Each row is encoded as a (Key, Value) pair according to the following rules:
Key: tablePrefix{TableID}_recordPrefixSep{RowID}
Value: [col1, col2, col3, col4]
Copy the code
Suppose our tablePrefix is constant character t,recordPrefixSep is constant character R, our tableId is 1,rowID is our primary key here assume 100, if there is a user table data as follows:
Key: t1_r100
Value: [100, "zhangsan"]
Copy the code
If our primary key is an integer, then the above can also be regarded as our primary key index. If our primary key is not an integer, or if our primary key is unique, the code is as follows:
Key: tablePrefix{tableID}_indexPrefixSep{indexID}_indexedColumnsValue
Value: RowID
Copy the code
IndexId is the ID assigned by TIDB to each index. Therefore, in the above case, only one indexedColumnsValue can be unique. If the index is not unique, we can have:
Key: tablePrefix{tableID}_indexPrefixSep{indexID}_indexedColumnsValue_rowId
Value: null
Copy the code
An indexedColumnsValue can have multiple rows of data. Therefore, the index of the data in our region is not combined with the data of the region, but has its own region fragment. Similarly, when we query data, we need to rely on our TIDB-server to figure out what index we should use. RowId is first queried based on index data and then our corresponding data is queried based on rowId.
conclusion
Whether it is TIDB or distributed database, there are many knowledge to learn, the above is just to do some rough analysis of TIDB, if you want to learn you can look at some of the following information:
- Pingcap document: docs.pingcap.com. Ping Cap document is one of the best documents I have ever seen. It is not a document, but a knowledge base of articles.

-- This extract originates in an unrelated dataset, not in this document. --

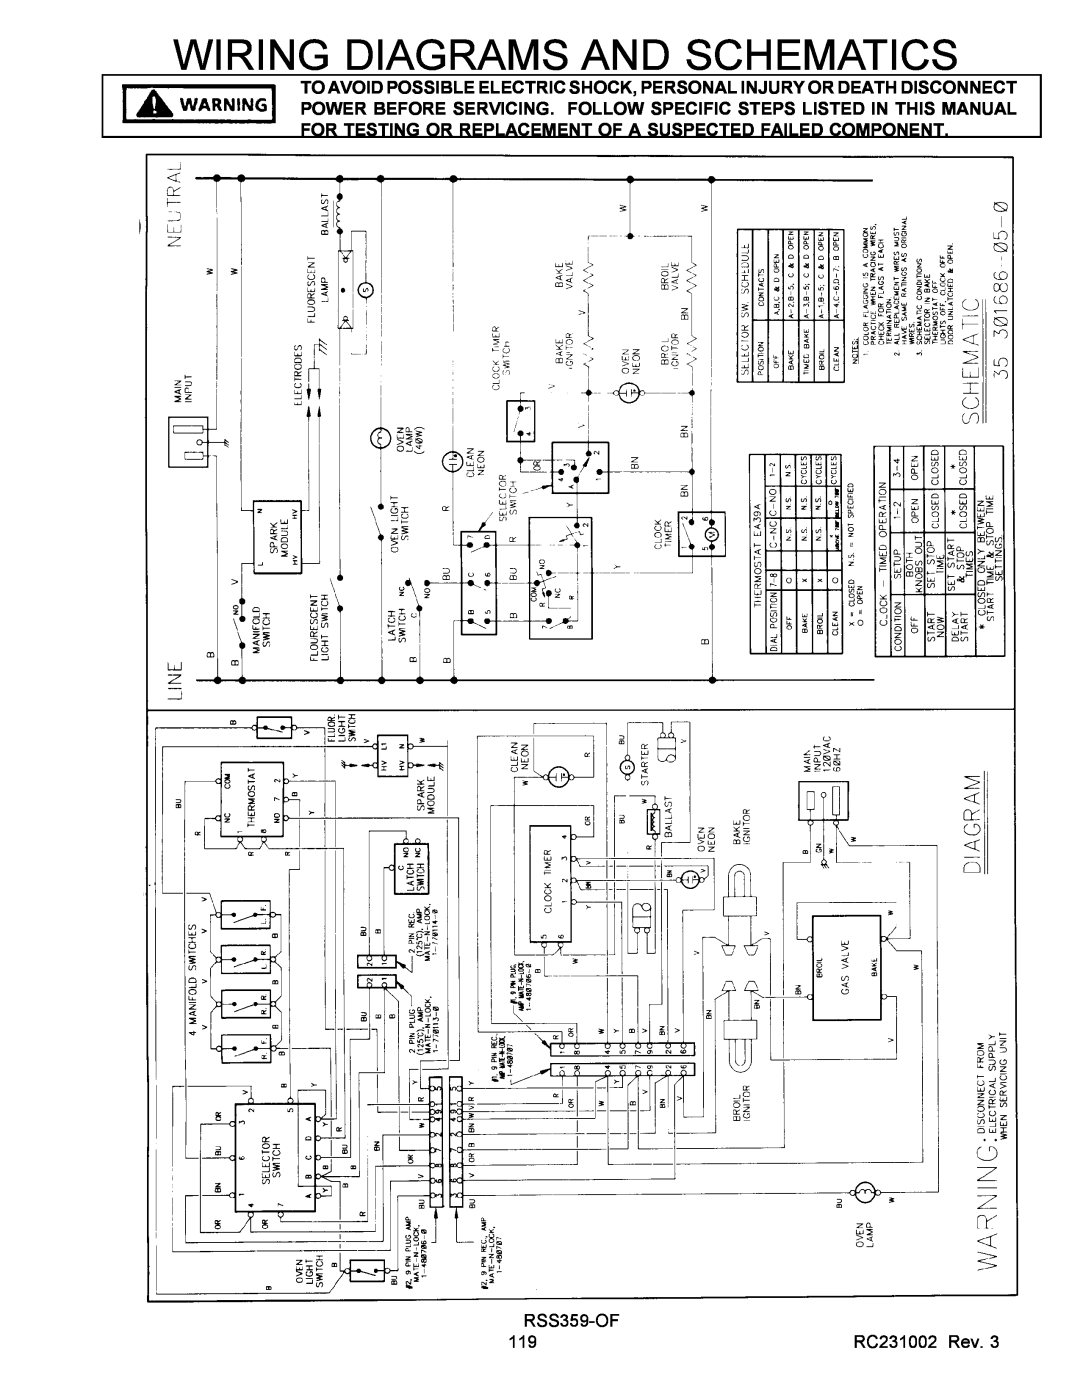 Amana RST service manual Wiring Diagrams And Schematics, RSS359-OF, RC231002 Rev 
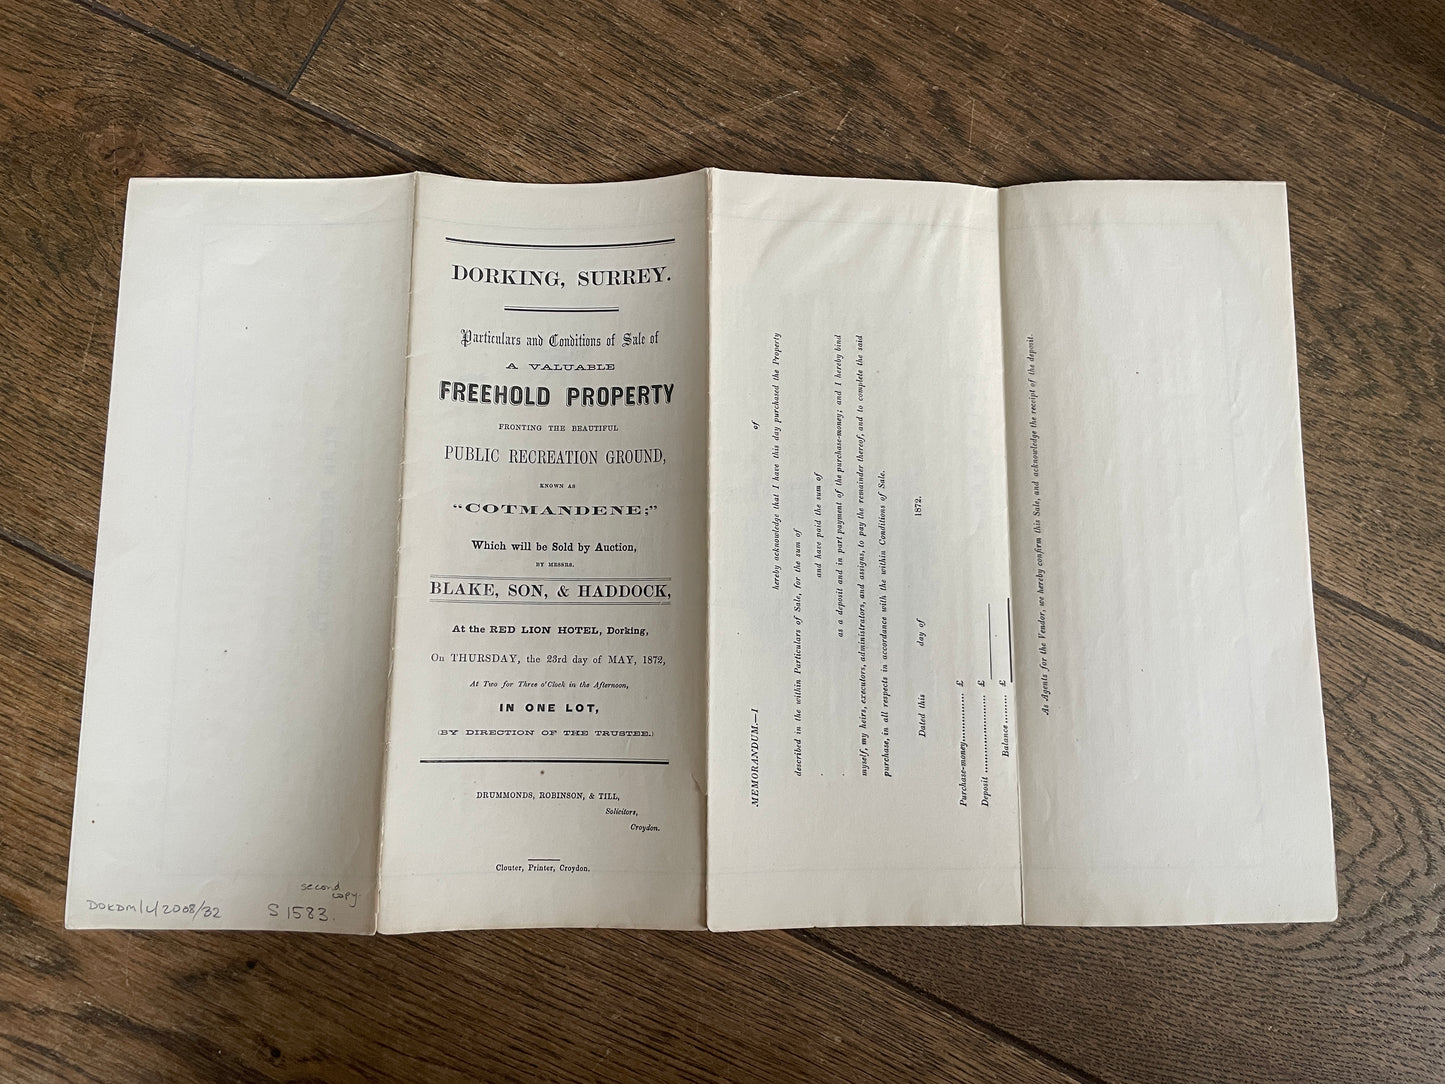 Two Freehold Properties on the Cotmandene, Dorking. 1872 Sales Particulars

- Geek Time “Distributed Database” : Geek Time has a course called distributed database, which is not limited to TIDB, but mainly explains various knowledge of distributed database, and will list distributed database in the market for comparison.
- “Inside database System” : Douban score 8.5, this book explains a lot of basic knowledge of database theory, whether on distributed database or stand-alone database will be used, a little difficult, but there will be a lot of harvest.
If you find this article helpful to you, your attention and forwarding will be my biggest support.